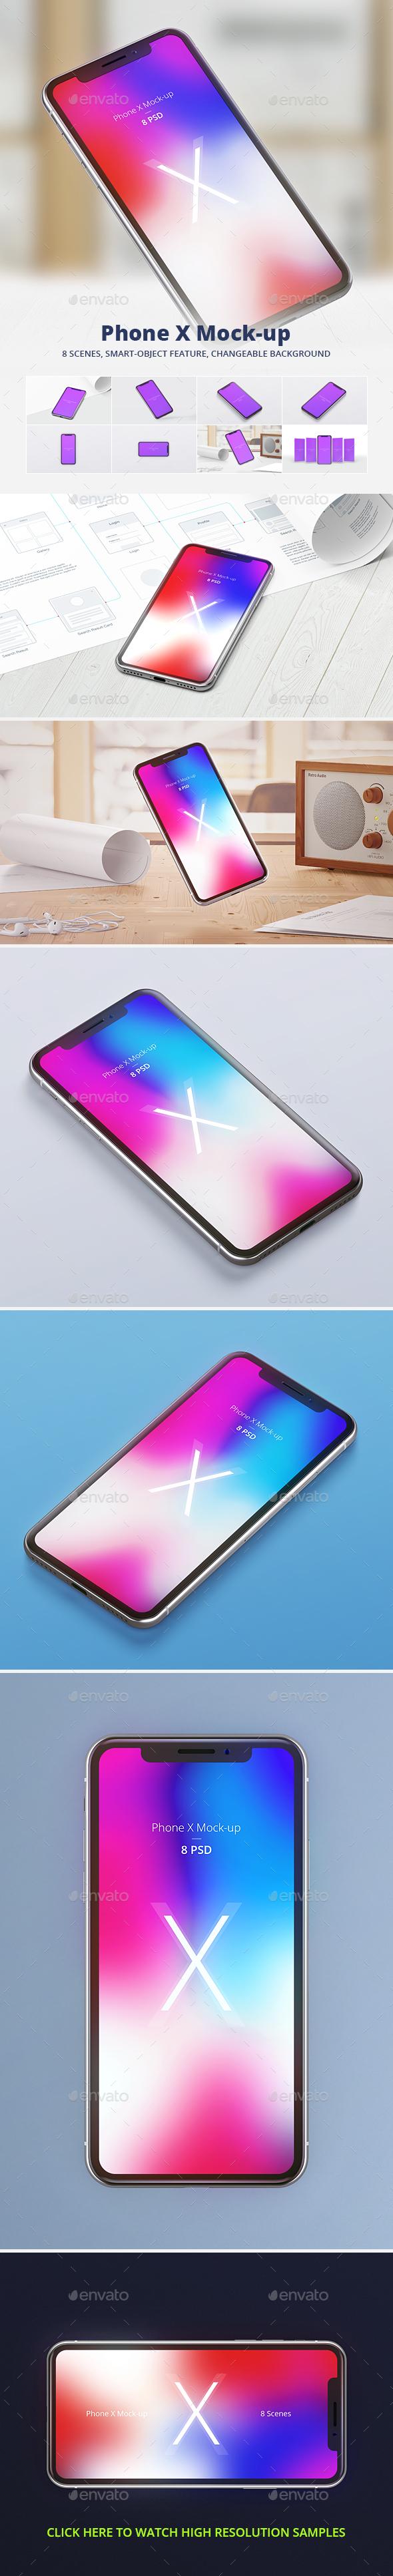 Phone X Mock-up - Mobile Displays
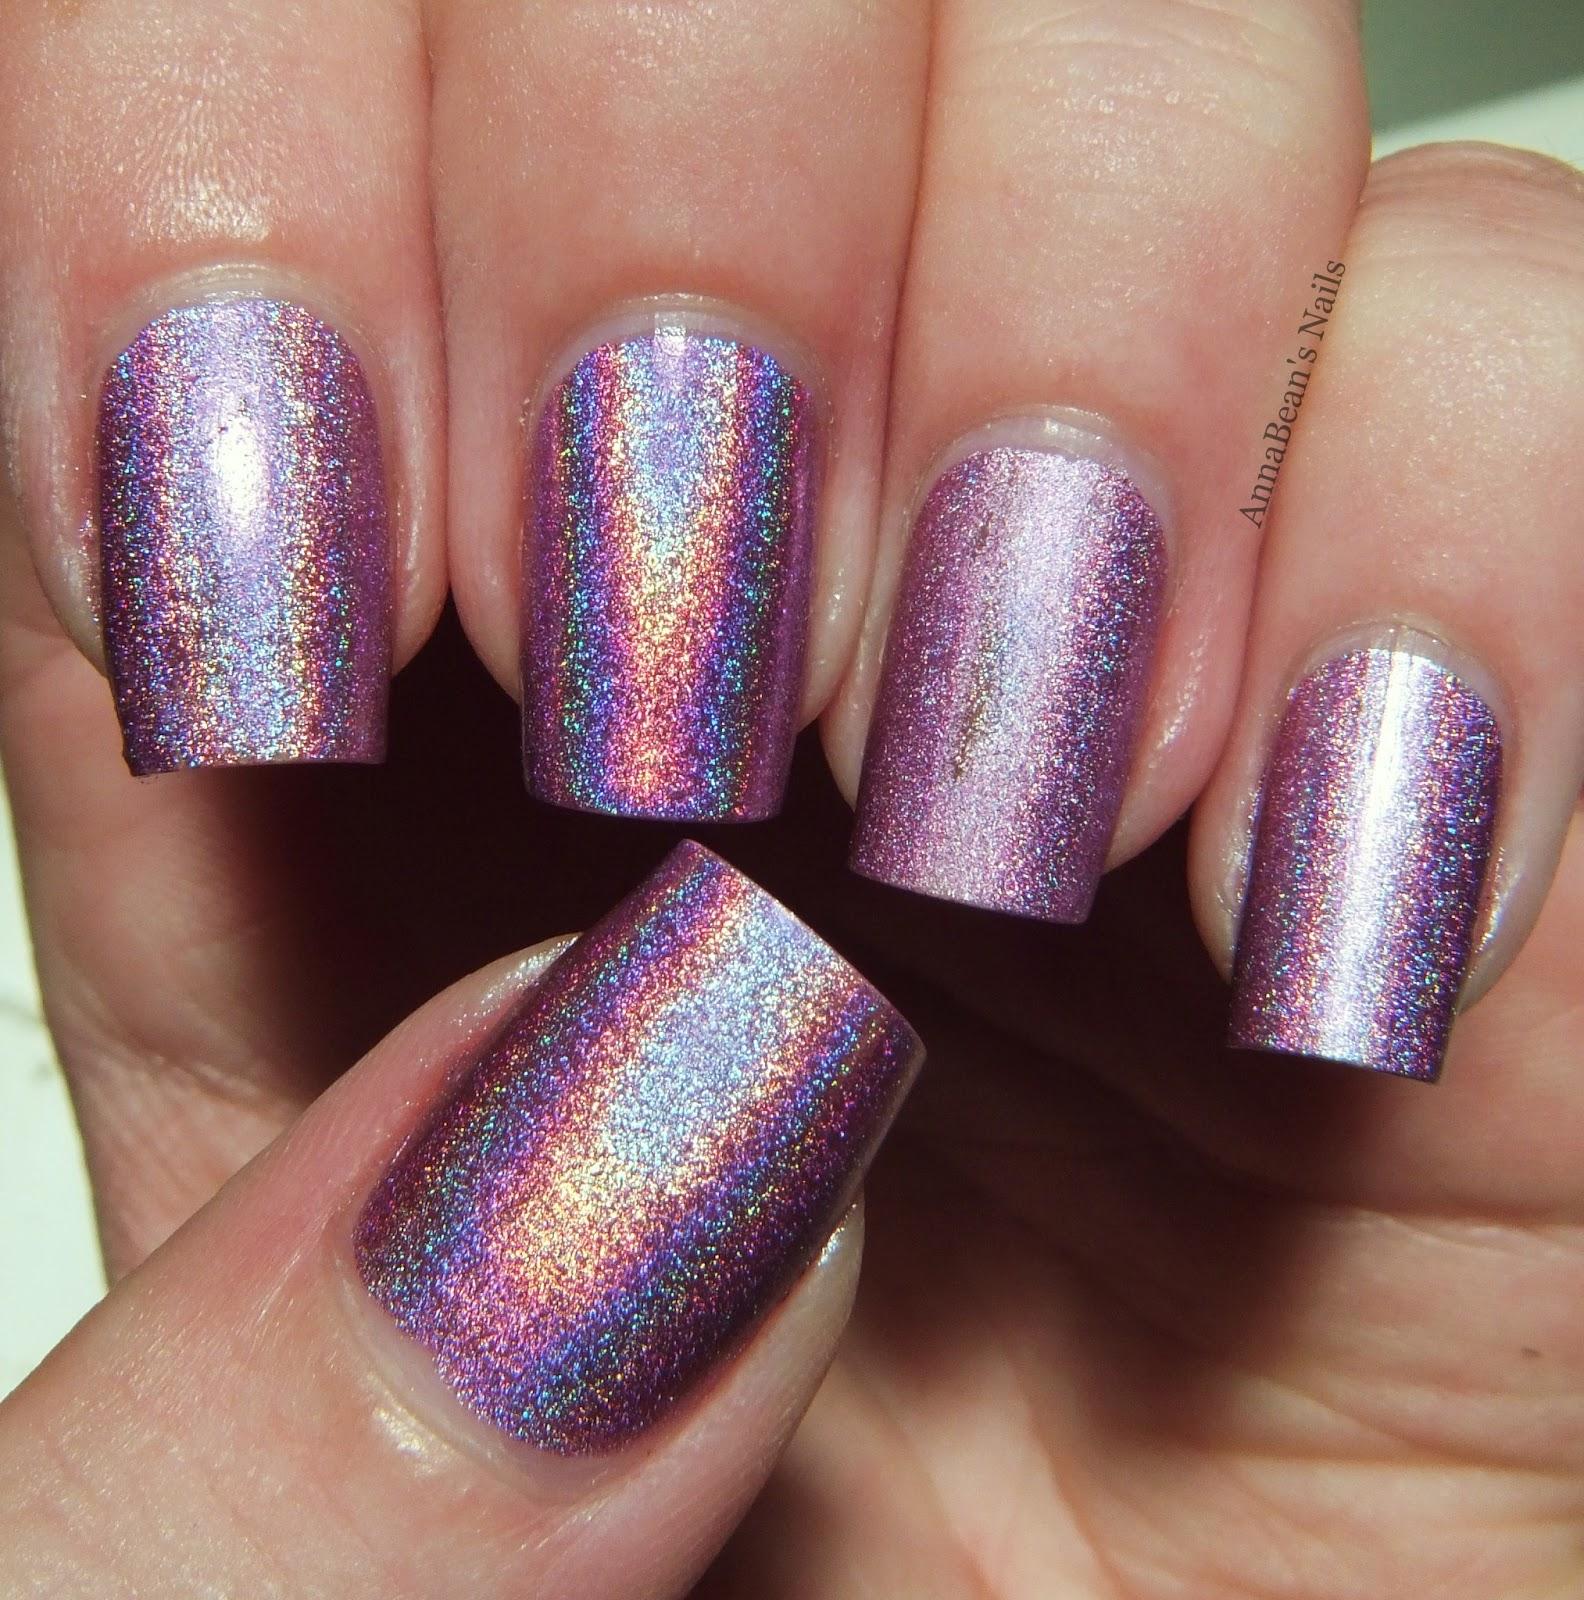 Base Nail Polish: AnnaBean's Nails: Do You Really Need Aqua Base With
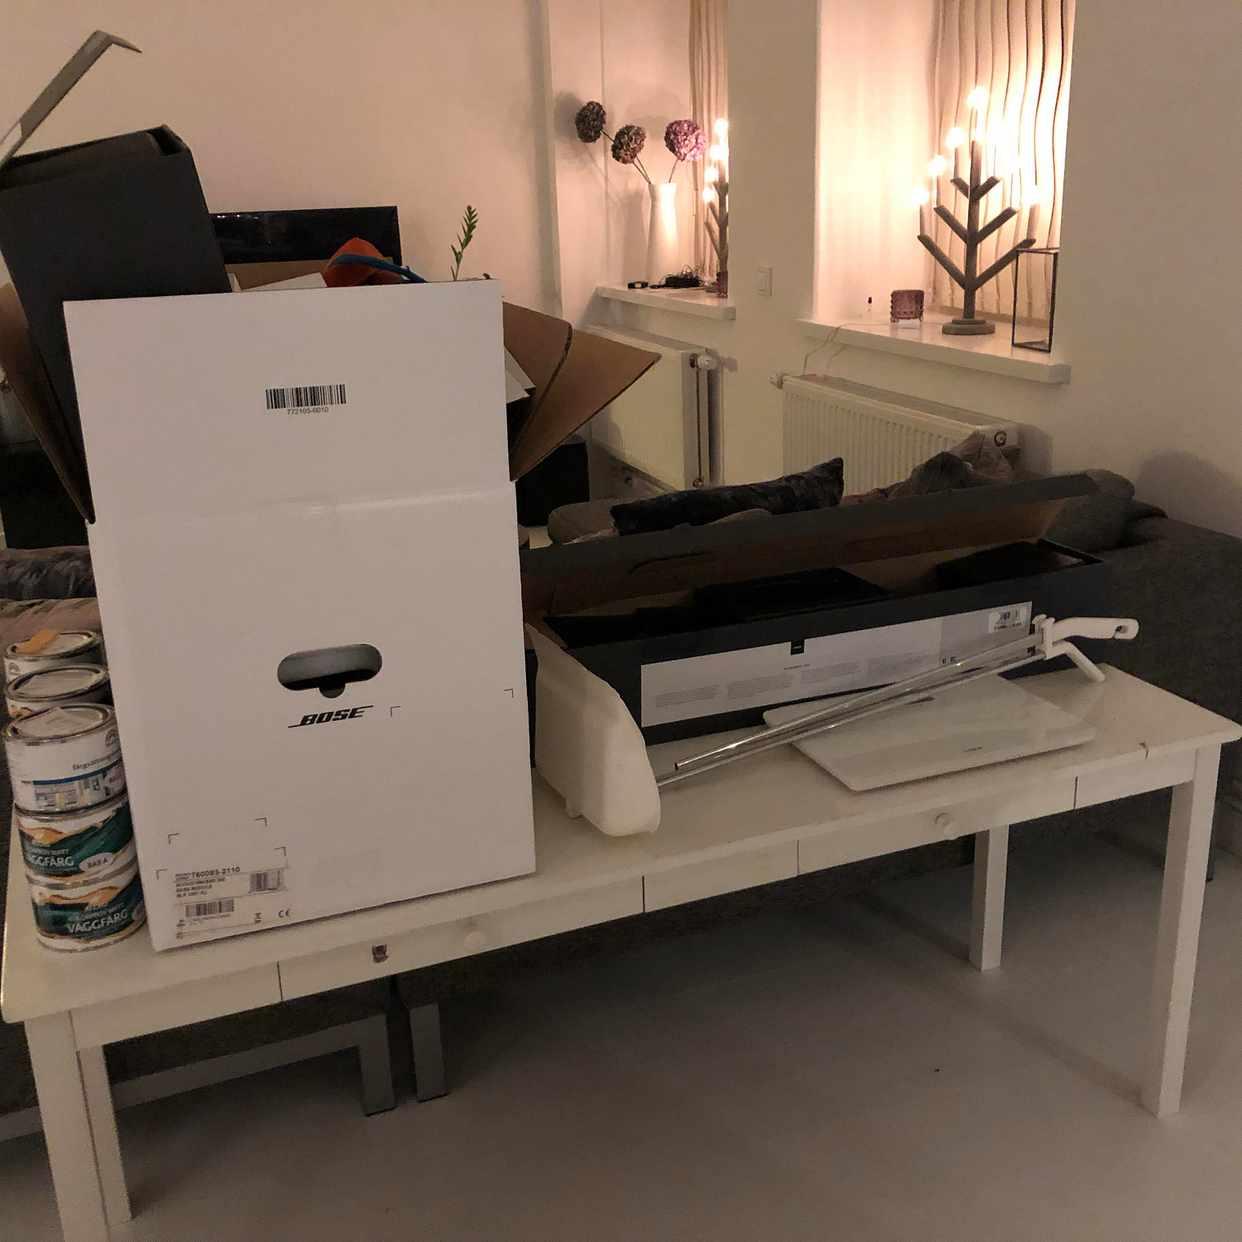 image of Skrivbord, kartonger mm - Stockholms Stad
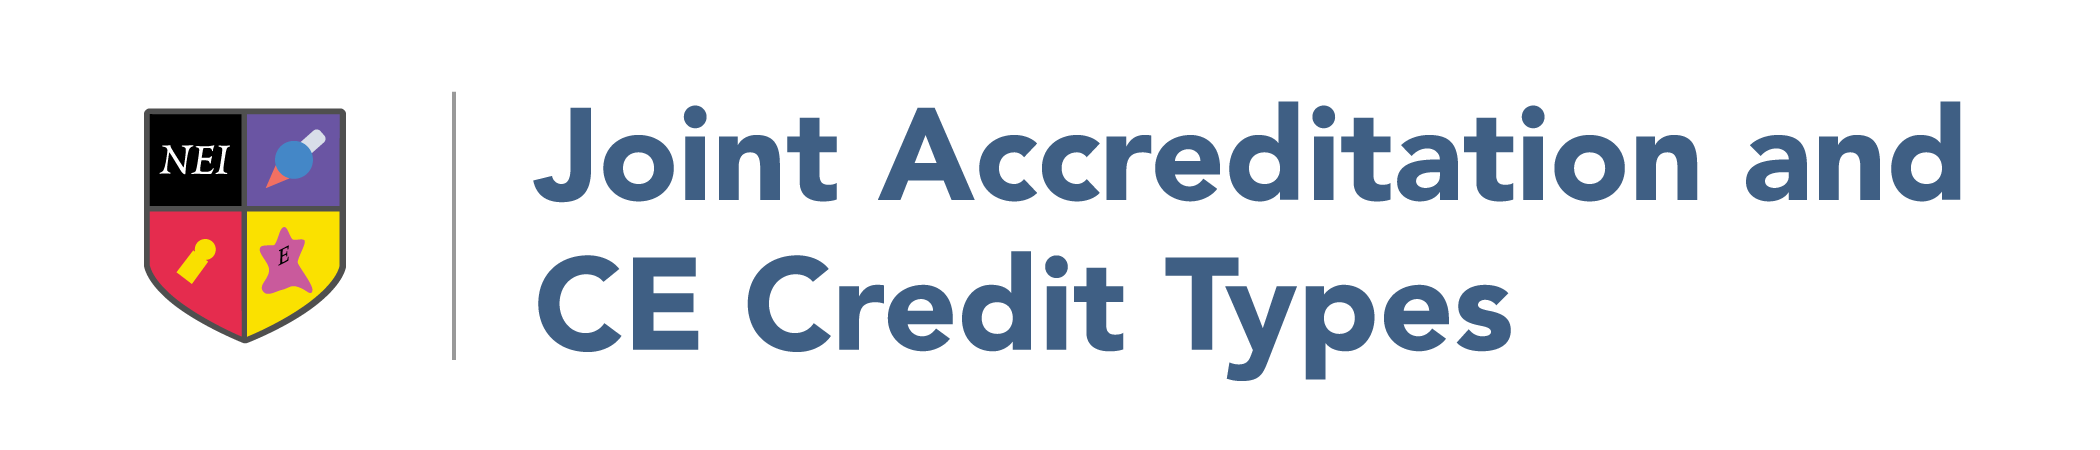 credits_offered_header
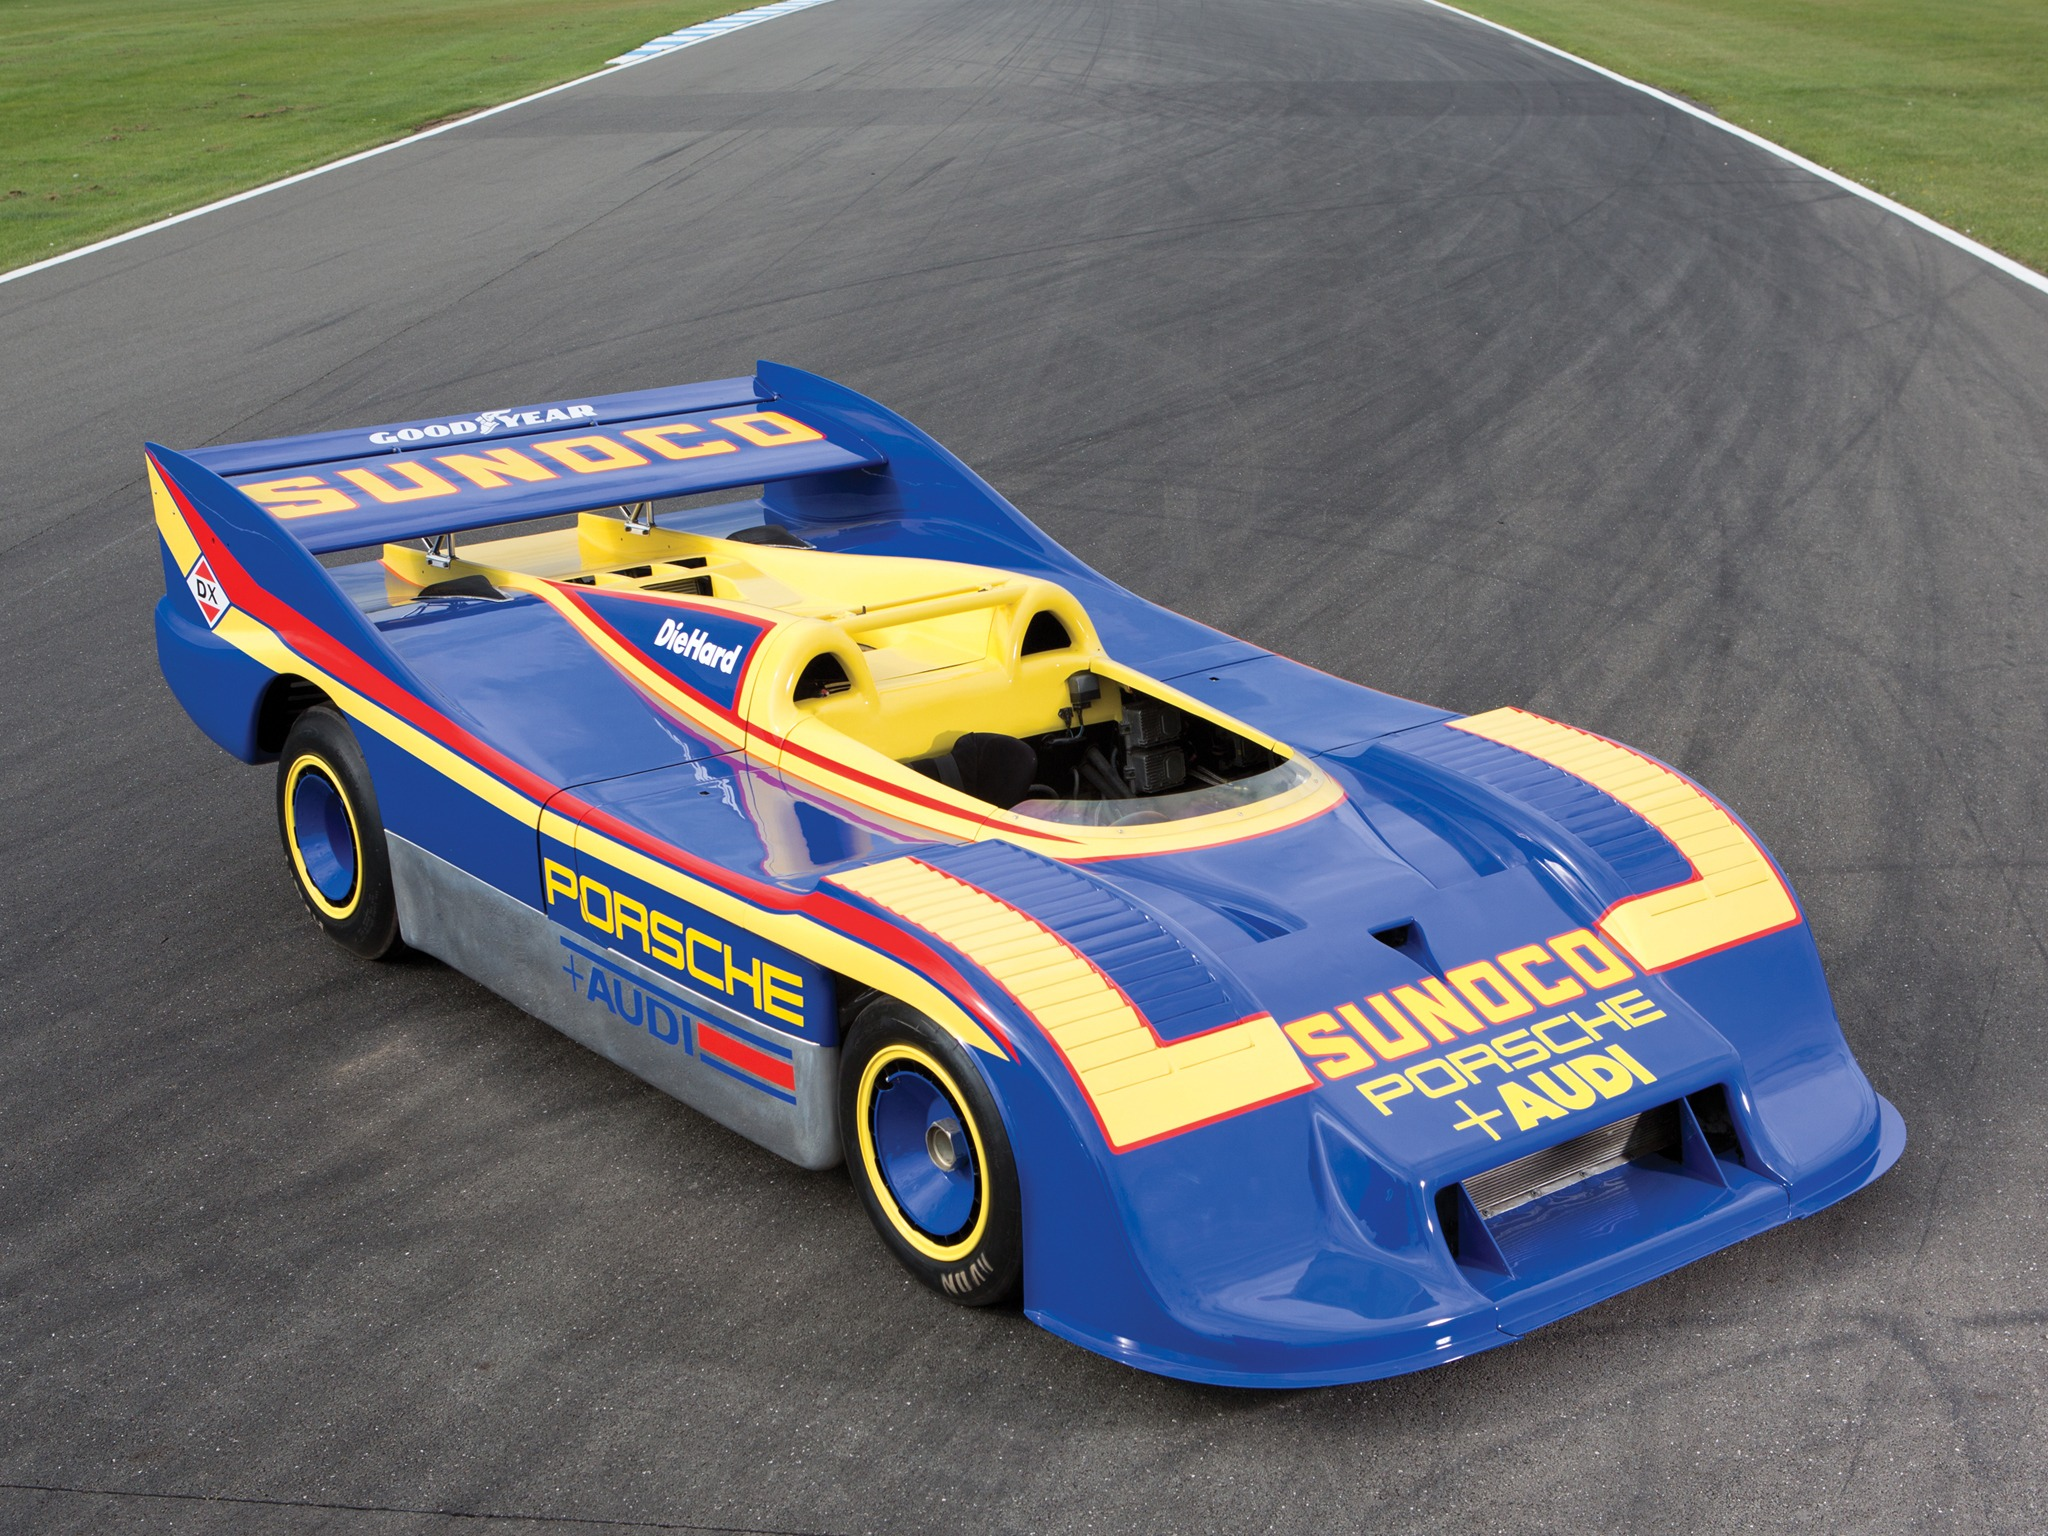 Porsche 917/30 Can-Am Spyder (1973) – Old Concept Cars

━━━

§ Task details:
Repeat each line word for word, from the one with "credits_offered_header" down to the last line of the data, and keep the pictures out of it.

§ Answer to the exercise:
 credits_offered_header
 Porsche 917/30 Can-Am Spyder (1973) – Old Concept Cars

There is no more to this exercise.